TASK DESCRIPTION: Output the listing below verbatim, without images.

:: DATA EXTRACT

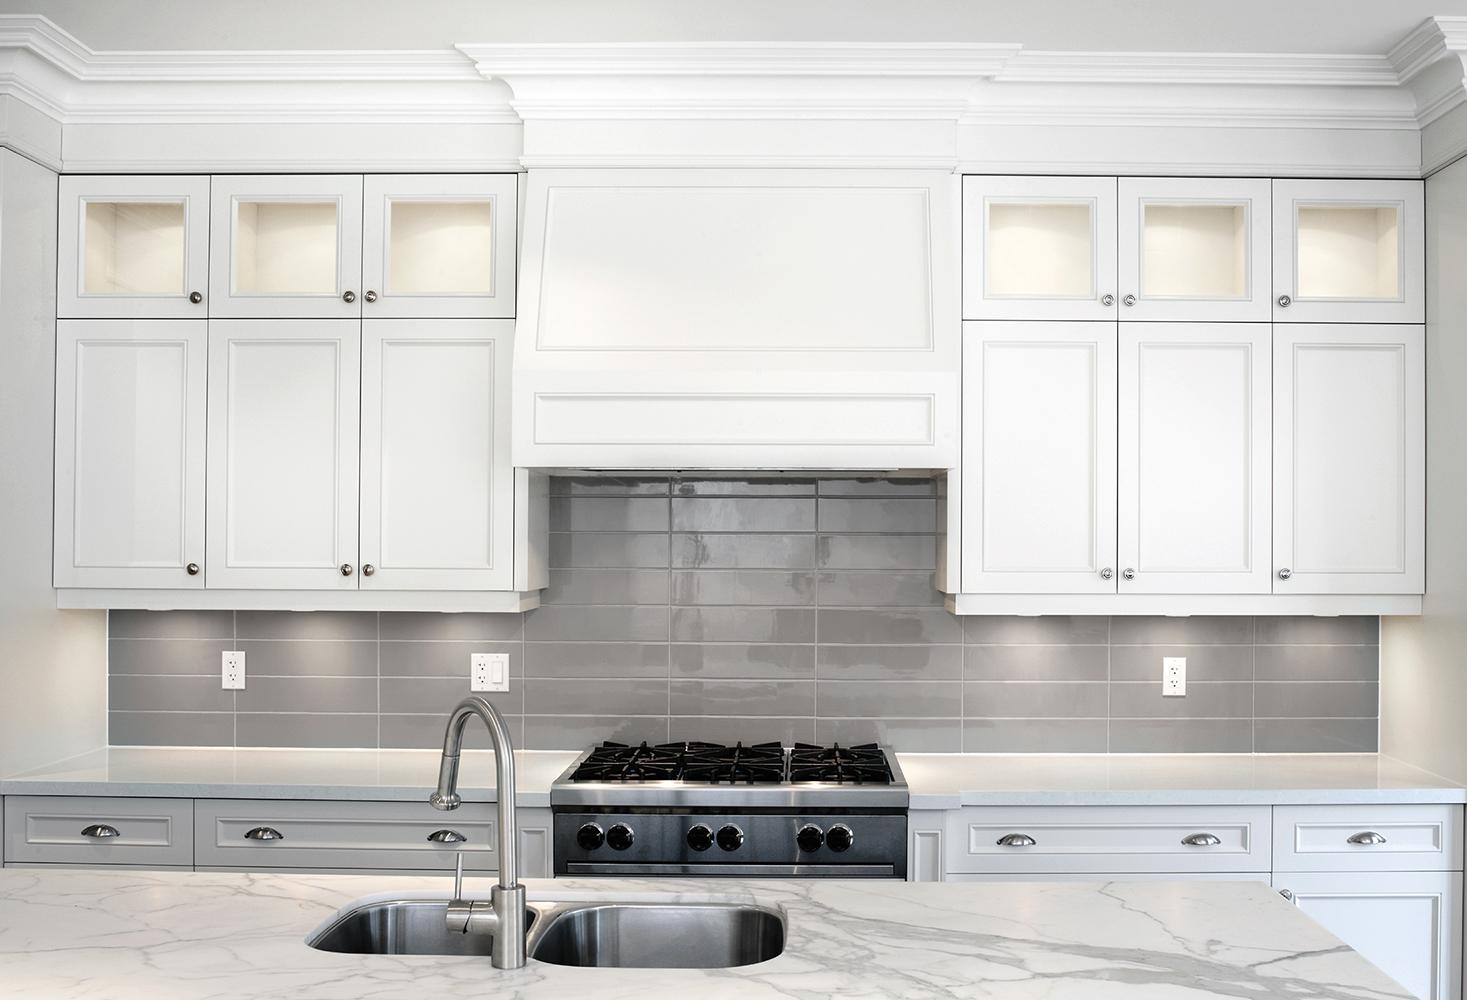 Google Images Kitchen Backsplash
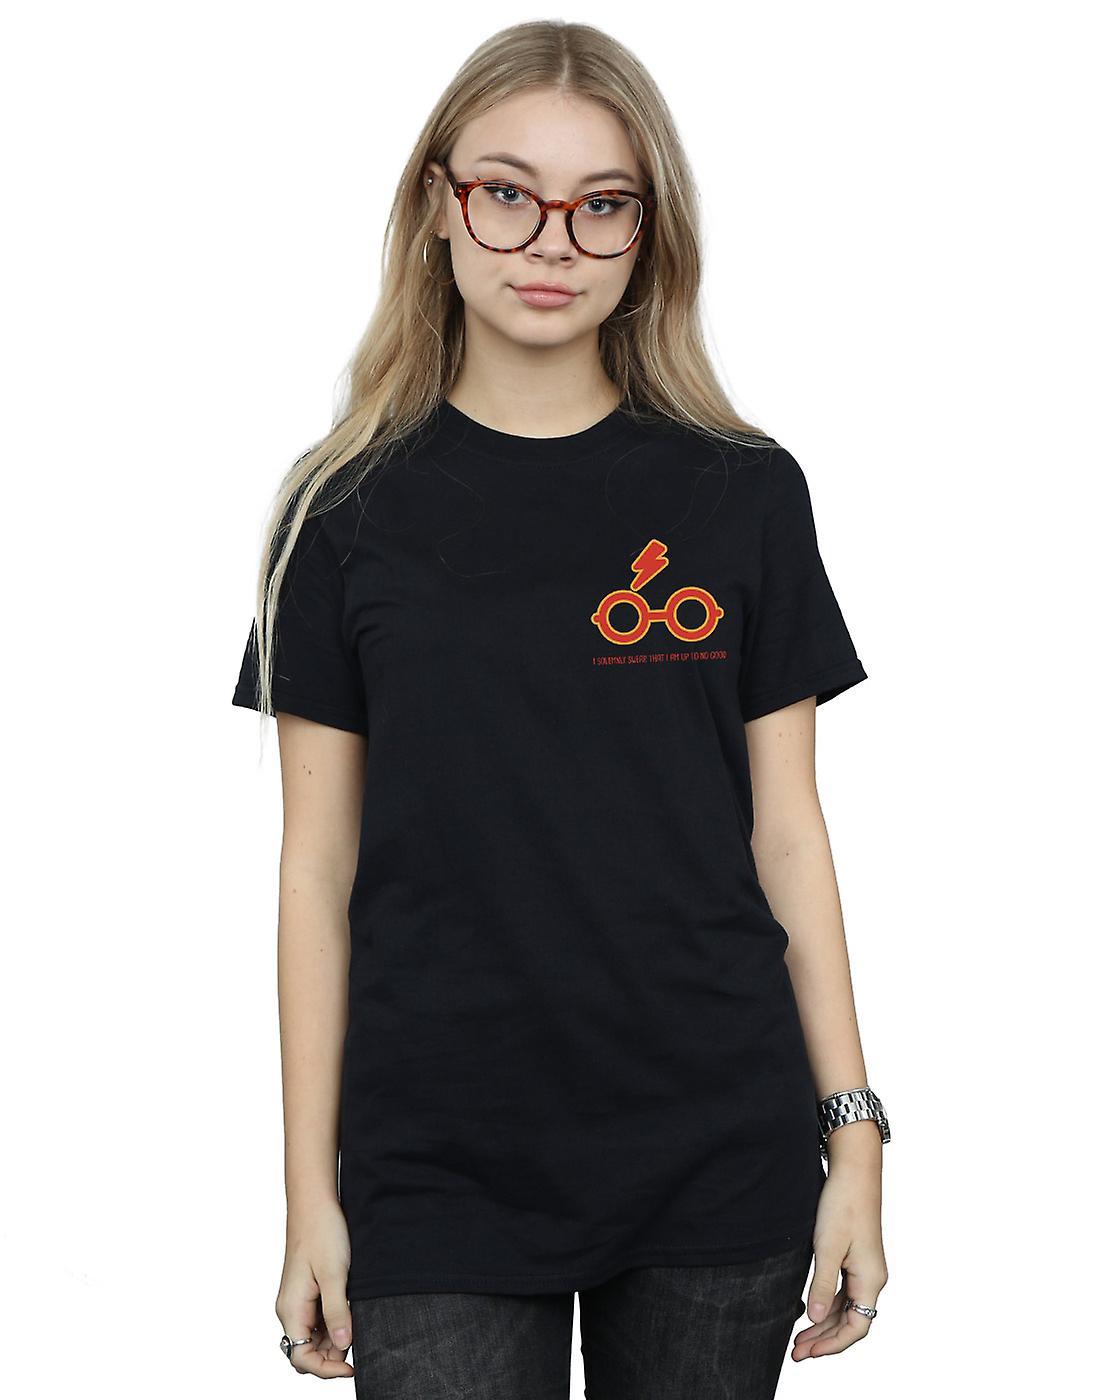 Harry Potter Women's I Solemnly Swear Breast Print Boyfriend Fit T-Shirt
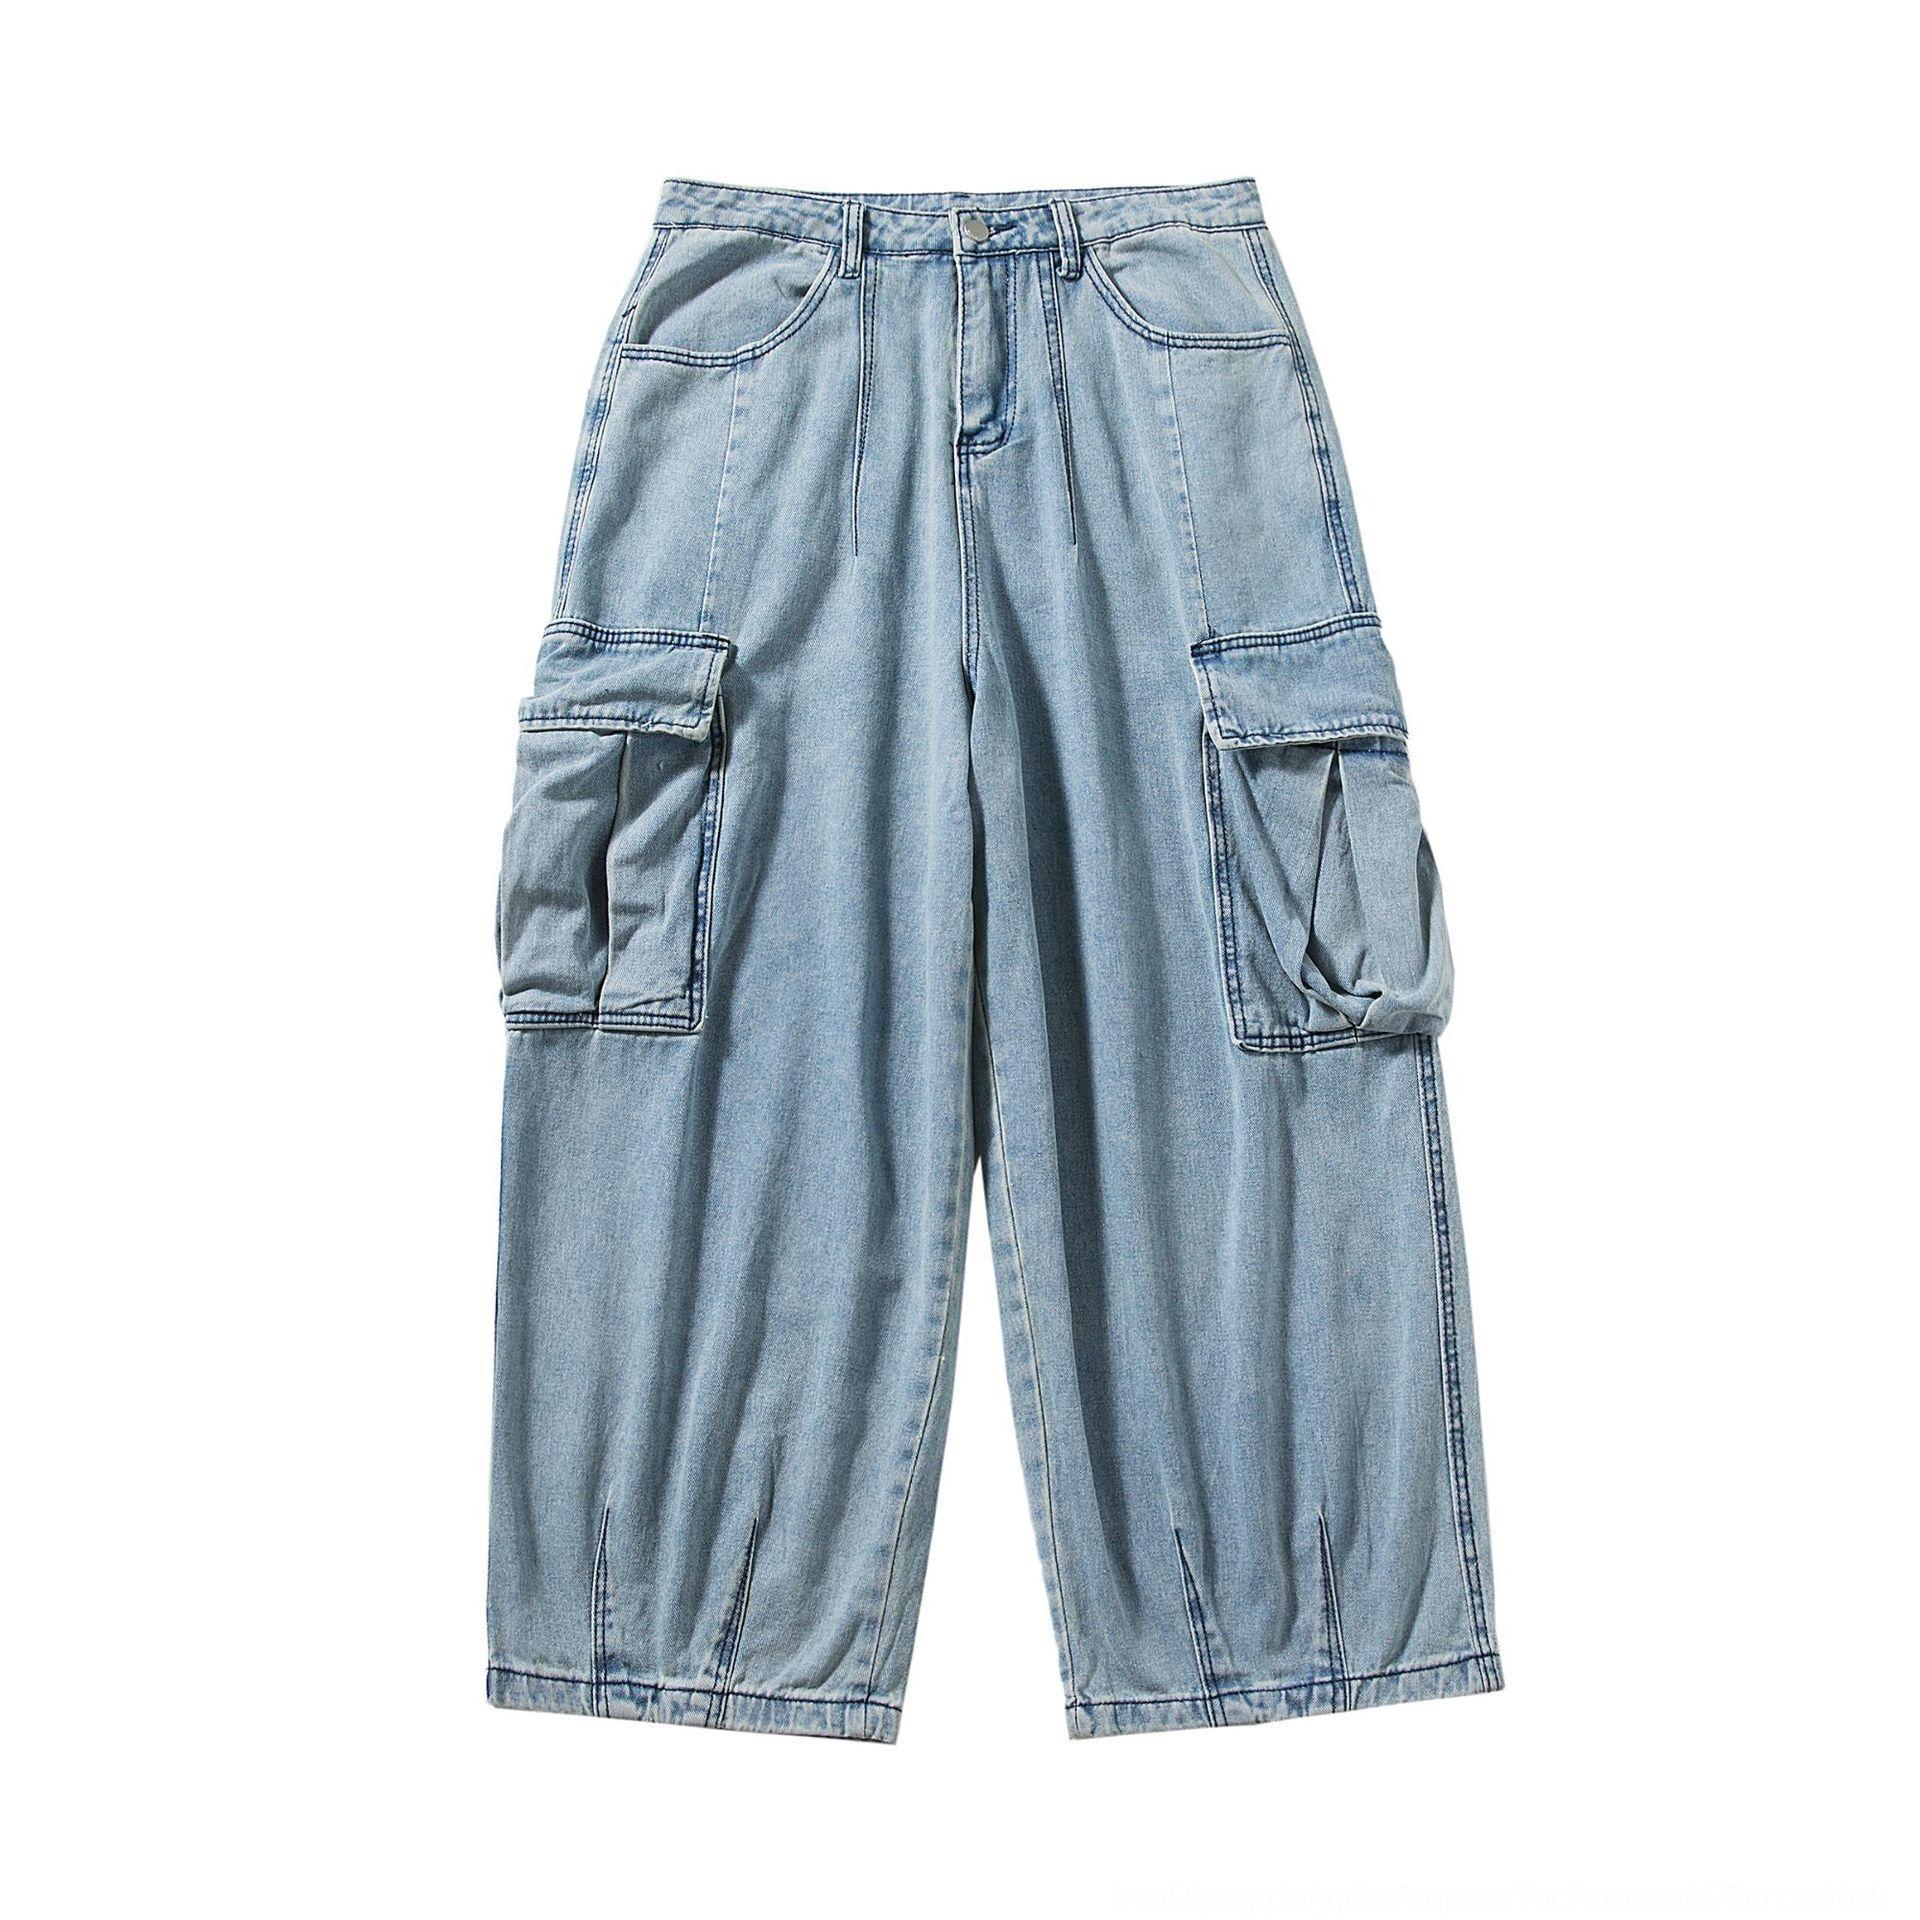 tHCak 42bcM Perth automne larges salopettes pantalons à jambes larges droites jambe large jeans hommes de jeans à la mode en trois dimensions loos de la jeunesse combinaison poche

::::

THE COMPLETED TASK:
 Google Images Kitchen Backsplash
 Harry Potter Women's I Solemnly Swear Breast Print Boyfriend Fit T-Shirt
 tHCak 42bcM Perth automne larges salopettes pantalons à jambes larges droites jambe large jeans hommes de jeans à la mode en trois dimensions loos de la jeunesse combinaison poche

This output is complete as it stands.